The report comes a week after CIA Director George Tenet warned that Osama bin Laden's al-Qaida network is likely to strike against the United States sometime soon and that the current situation is similar to what existed before the Sept. 11 attacks. Tenet previously said a terrorist attack would be more likely if the United States takes military action against Iraq.
Because a year has passed without a major terrorist attack against the United States, the report says, "there are already signs that Americans are lapsing back into complacency."
Few of the ships, trucks and trains that enter the United States each day are searched, the report said. Emergency personnel are unprepared for chemical or biological attacks. Oil refineries and energy distribution lines could be sabotaged. State and local police still lack access to State Department terrorist watch lists.
"When it comes to combating terrorism, the police officers on the beat are effectively operating deaf, dumb and blind," it said.
....Hart and Rudman's latest panel was formed by the Council on Foreign Relations. Its 17 members included former Secretaries of State Warren Christopher and George Shultz, former FBI and CIA Director William H. Webster and retired Adm. William J. Crowe, former chairman of the Joint Chiefs of Staff.
....Among the panel's recommendations:
_Establish 24-hour operations centers in all states to provide terror watch list information.
_Provide federal funds to clear the backlog of state and local government requests for protective gear, training and communications equipment.
_Strengthen security for sea and land transportation.
_Evaluate areas of vulnerability for energy supplies and develop a stockpile of backup components so energy operations could be restored if damaged.
_Strengthen health agencies' ability to detect disease outbreaks.
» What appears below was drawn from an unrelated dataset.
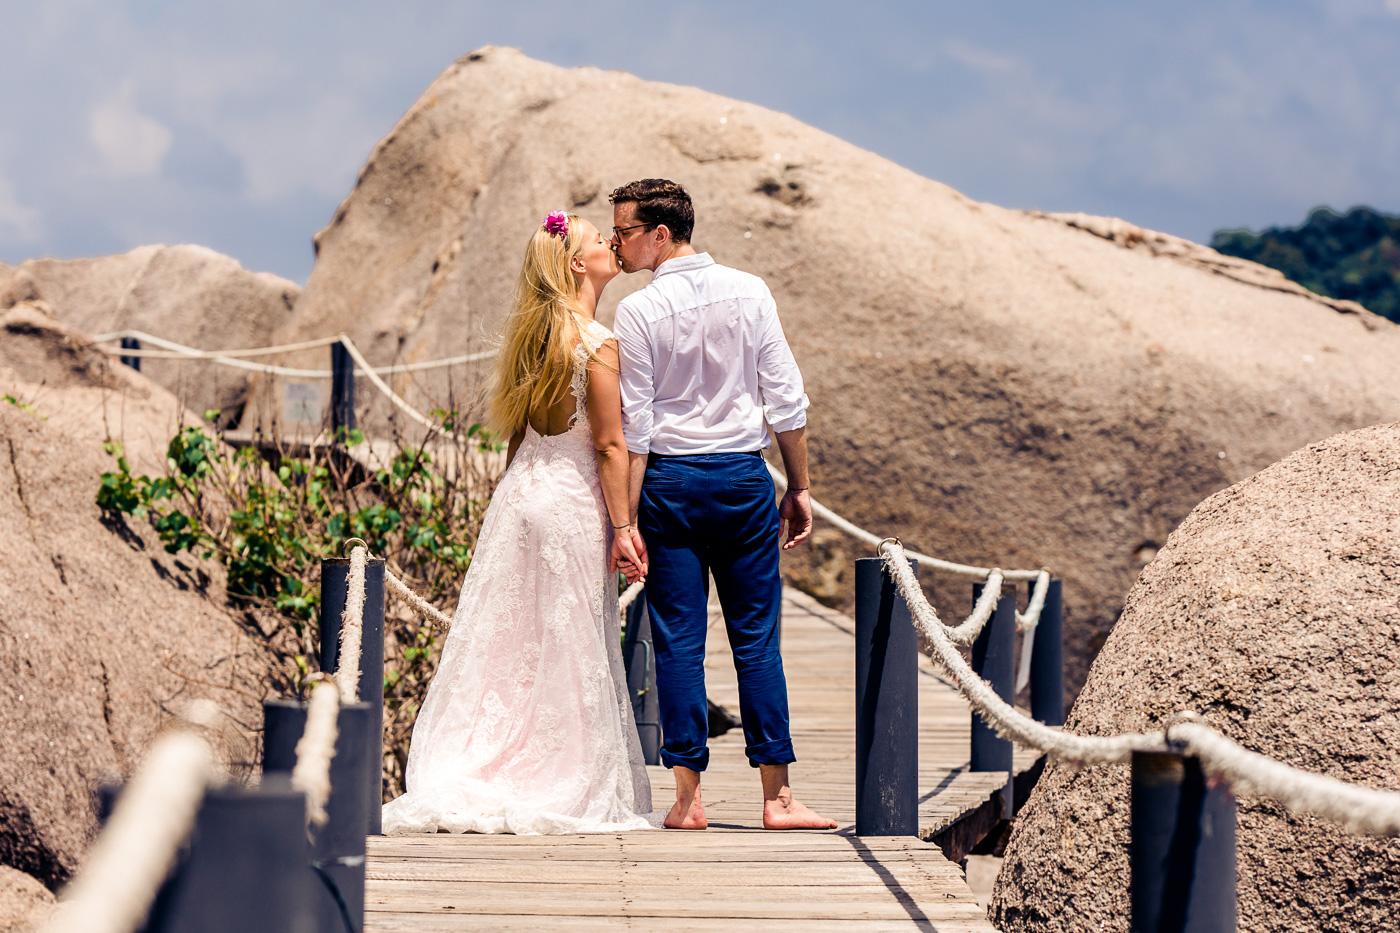 Hochzeitskuss auf auf einer Holzbrücke auf der Insel Koh Tao und fotografiert von Fotograf Markus Winkelbauer
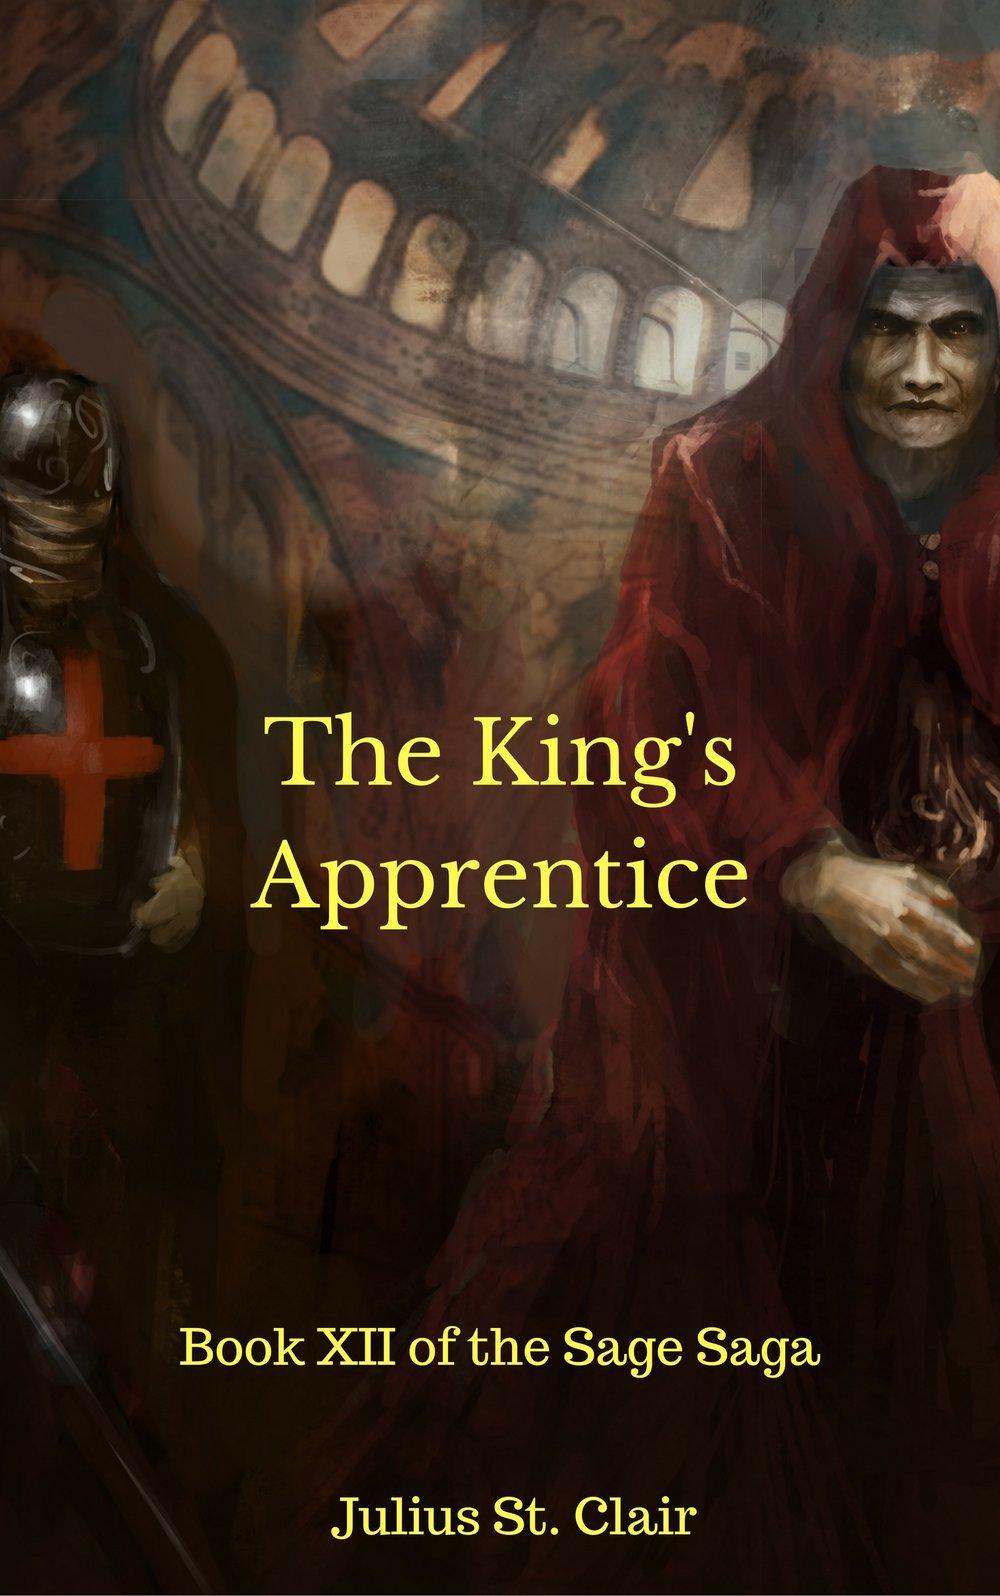 The King's Apprentice.jpg

All the more urgent now, I'd say.
UPDATE
Via Glenn Reynolds, our own Jenn Taliaferro is also following the events in Moscow closely.
8:15 p.m. eastern
This just in from Reuters: - Two hostages taken out of the theater earlier on Saturday where Chechen rebels are holding hundreds captive had suffered wounds, Interfax news agency said.
The agency said one of the hostages, a woman, was wounded in the stomach, while the second, a man, had head wounds. It did not specify how the wounds had been inflicted.